Conidiophore septum sometimes demonstrated as branched or simple straight or curved shaped medium brown and sleek barred, Conidia like branched chains, short conical or cylindrical beak and they had been obscured in many previous studies (Abeer et al. 2015; Sharma et al. 2016). Similar investigations were also reported in the ABTS containing plate showed the green and purple-color in the presence of laccase producing fungi defined the positive reaction for the laccase production (Vantamuri and Kaliwal 2015).
The efficiency of laccase producing strain Alternaria alternata was reported at 30OC on 7thday of incubation period (Tapwal et al., 2014). Recently new laccase producing fungal strain Amesia atrobrunnea was screened from rotted wood samples and agro waste using ABTS method (Thakkar et al. 2020).

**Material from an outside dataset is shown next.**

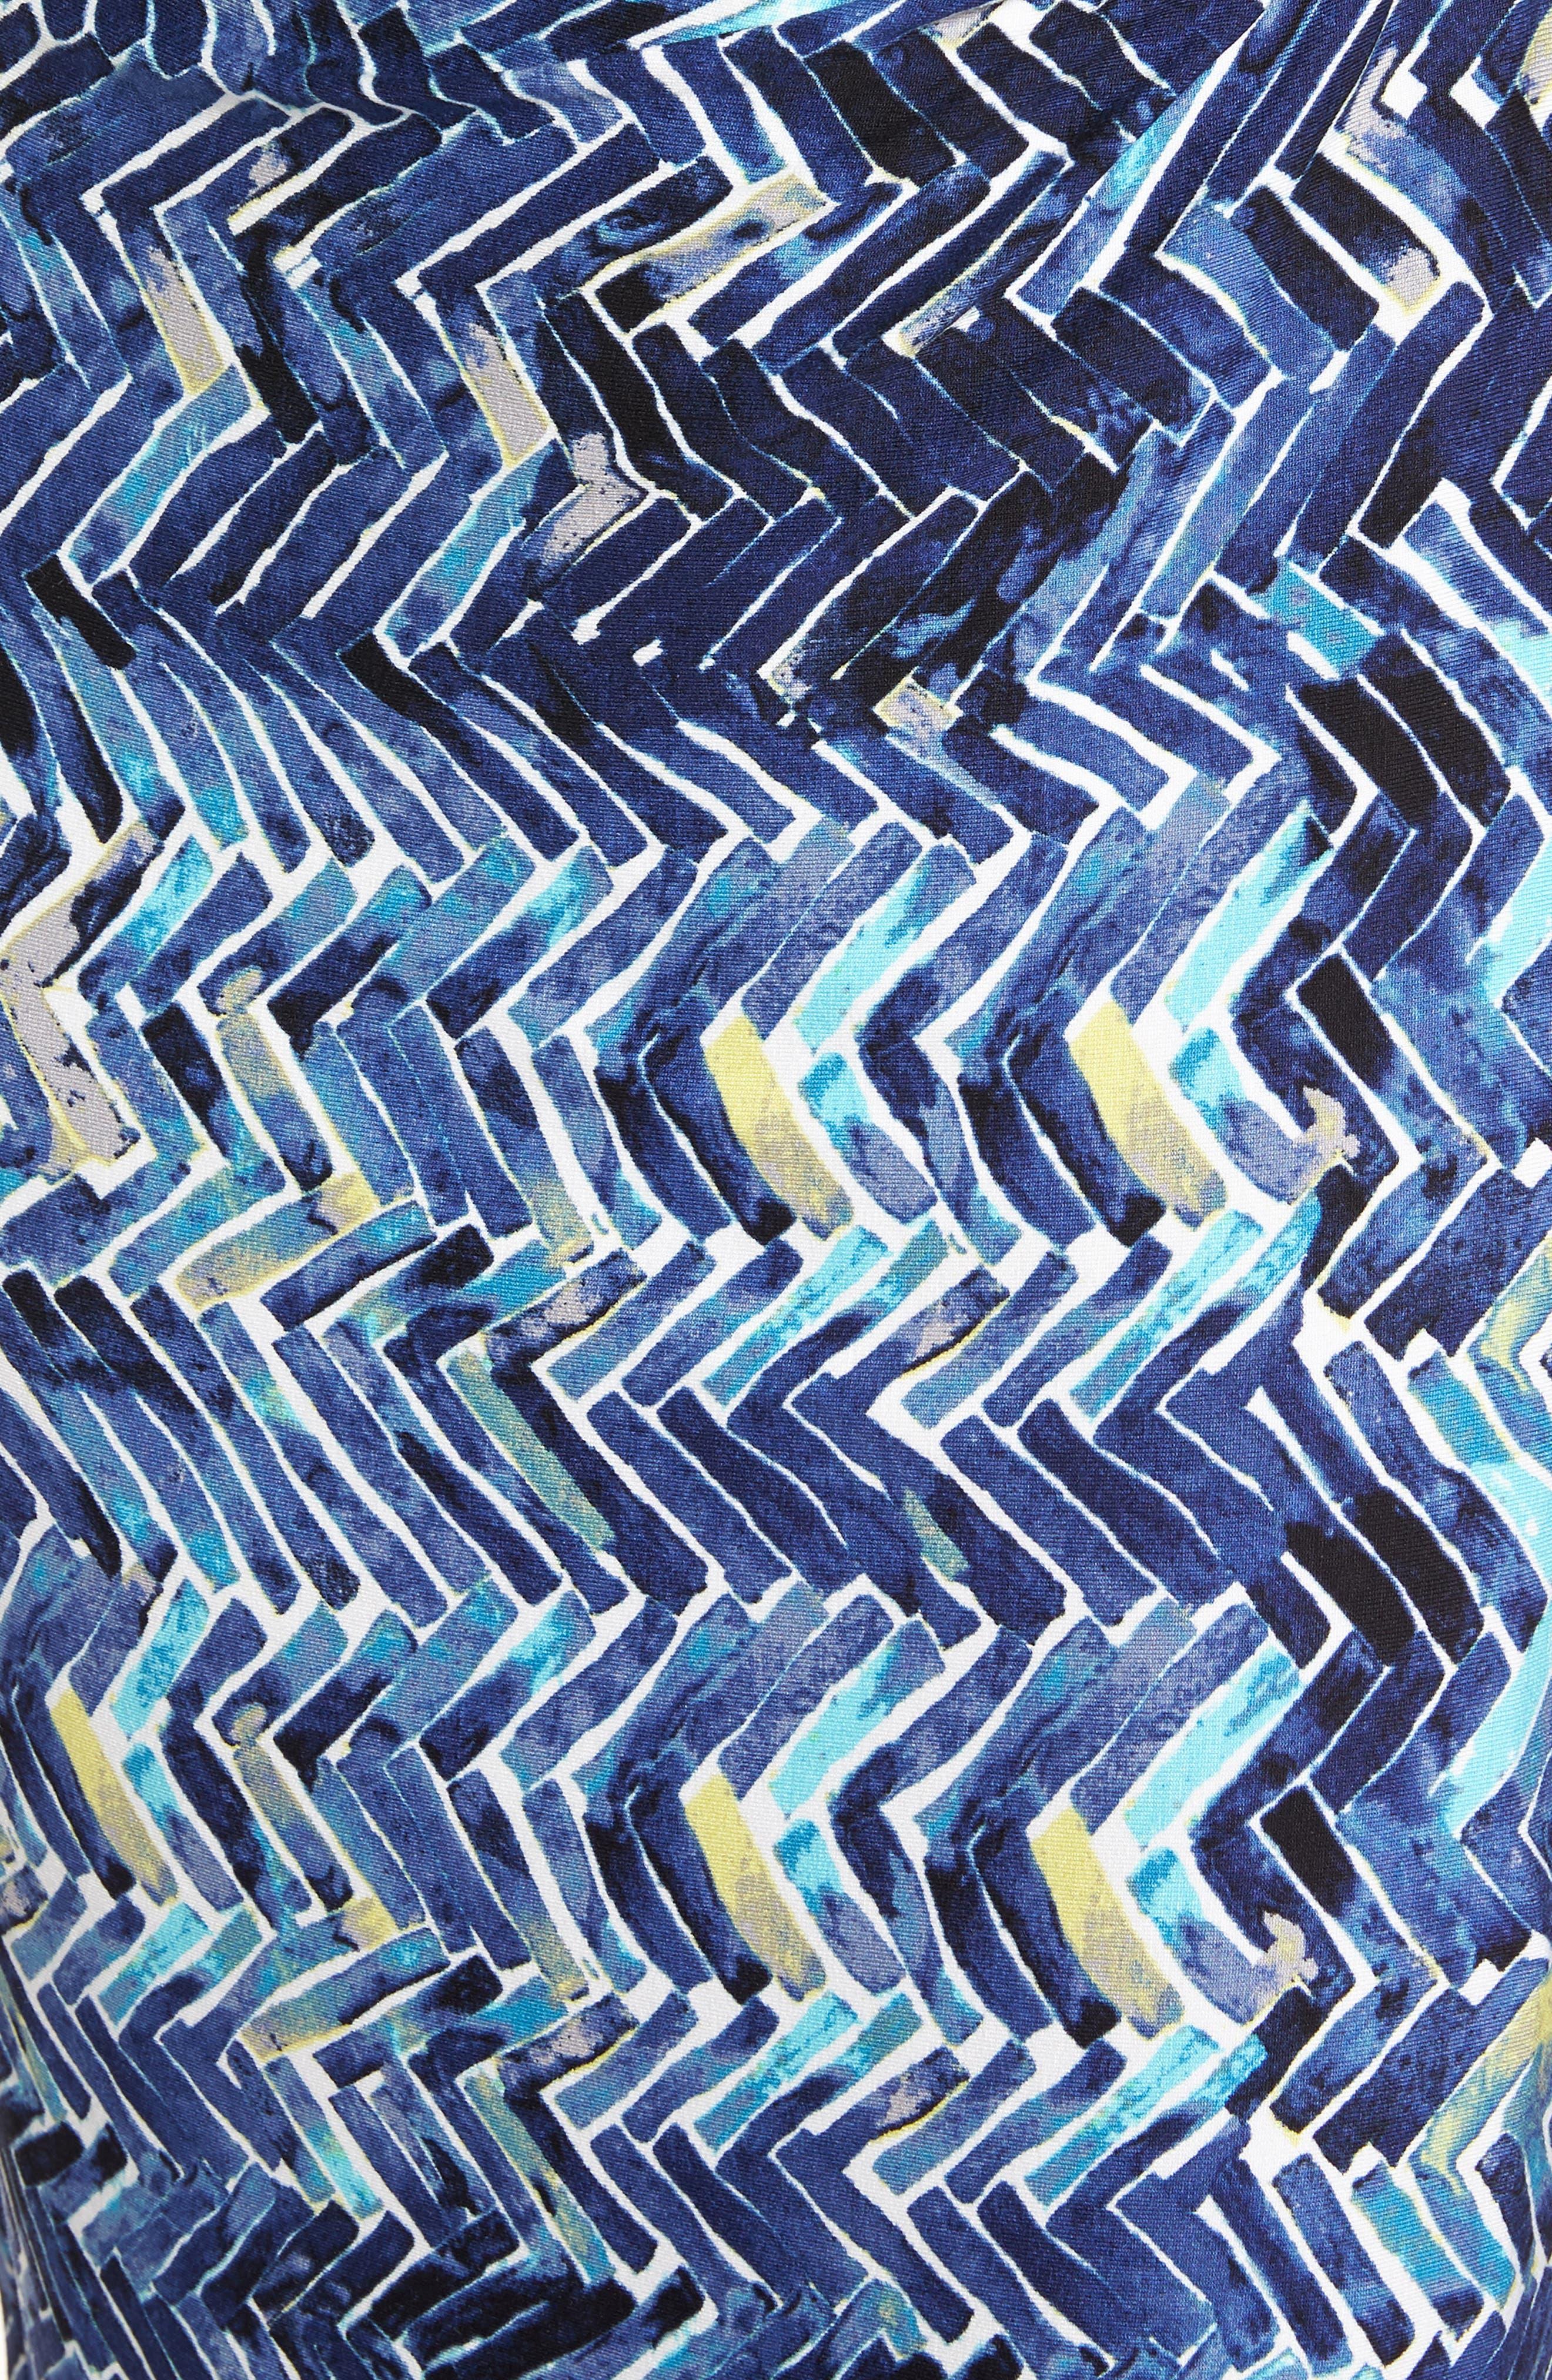 Seaside Tile Ruched Sheath Dress,                             Alternate thumbnail 5, color,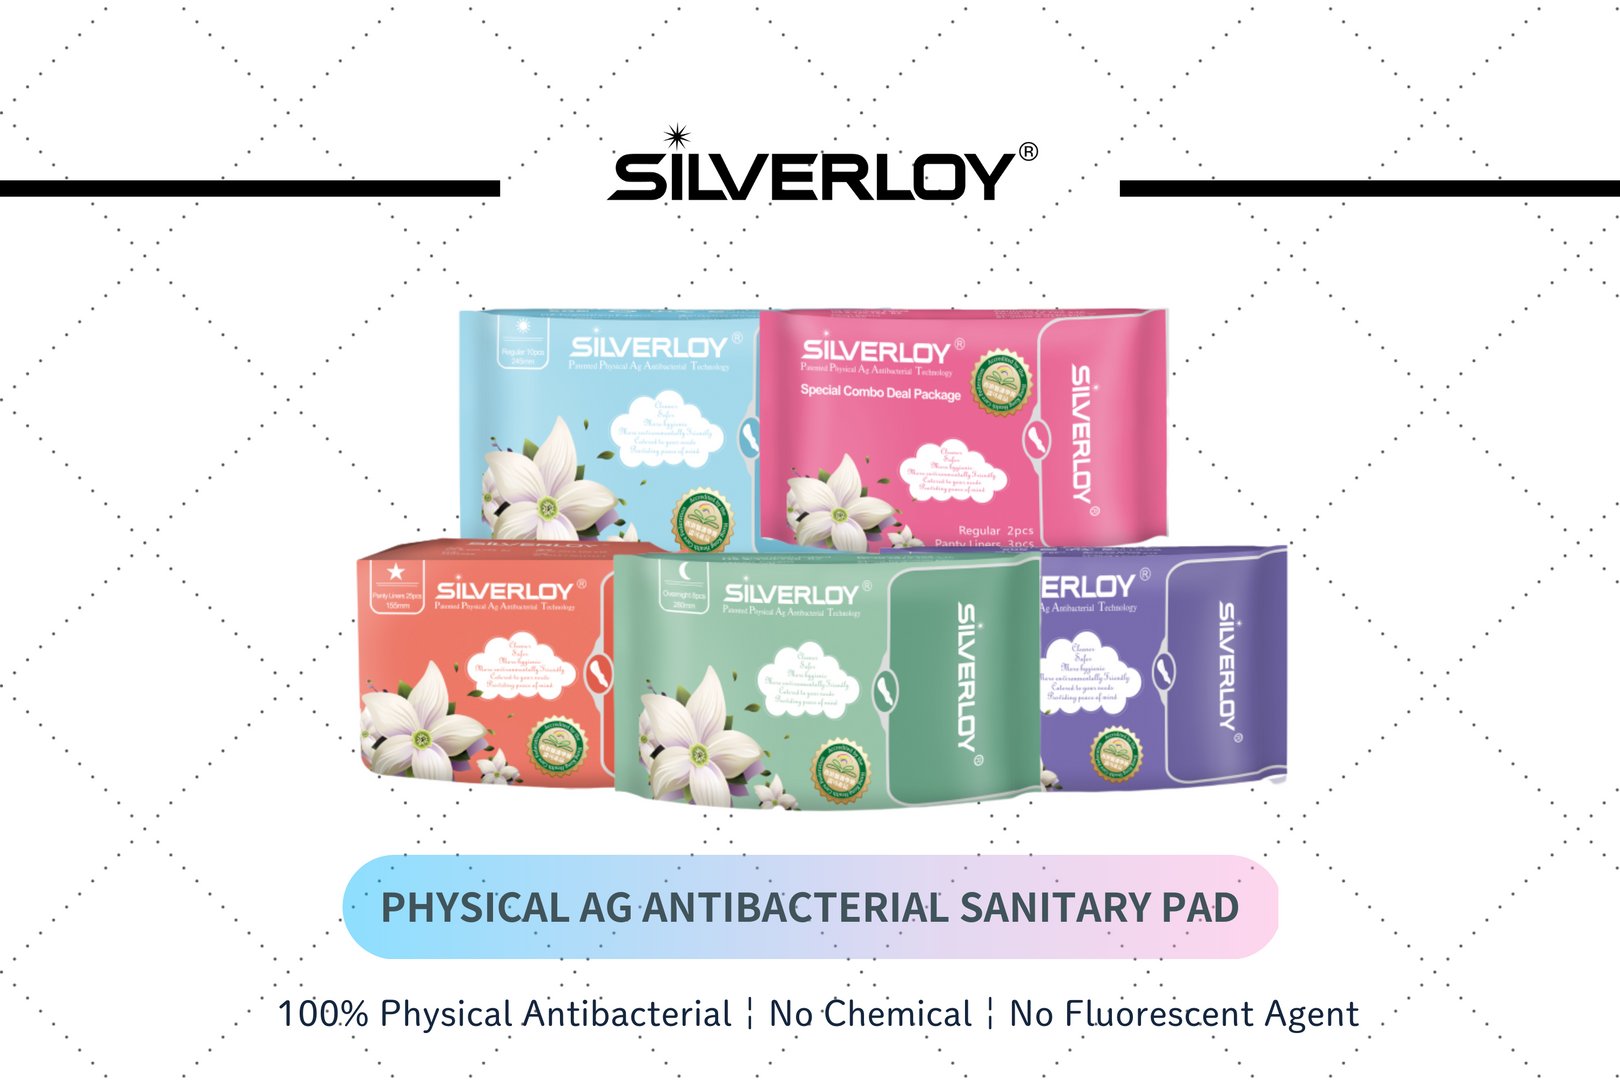 Silverloy Sanitary Pads

In the present study, a fungal stain Alternaria alternata was screened and investigated. The results showed that the fungal isolate Alternaria sp. MK855476.1 exhibited an ability to oxidize ABTS. Ahalo of dark green and purple was formed around the fungal colonies (positive for ABTS oxidation), indicating the presence of ligninolytic enzymes laccase. Due to their broad substrate rang and a large number industrial and biotechnological application of these multicopper enzymes has led to a terrible increase in the demand for this biocatalyst. Optimizing the condition for increasing laccase production and decolourization of dyes by Alternaria alternata will be further investigated in the future.
This study was financially supported by Shri Ramswaroop Memorial University Lucknow-Deva Road, Barabanki, Uttar Pradesh, India through University Research Fellow (URF).
Conflict of Interest: Authors declare no conflicts of interests to disclose.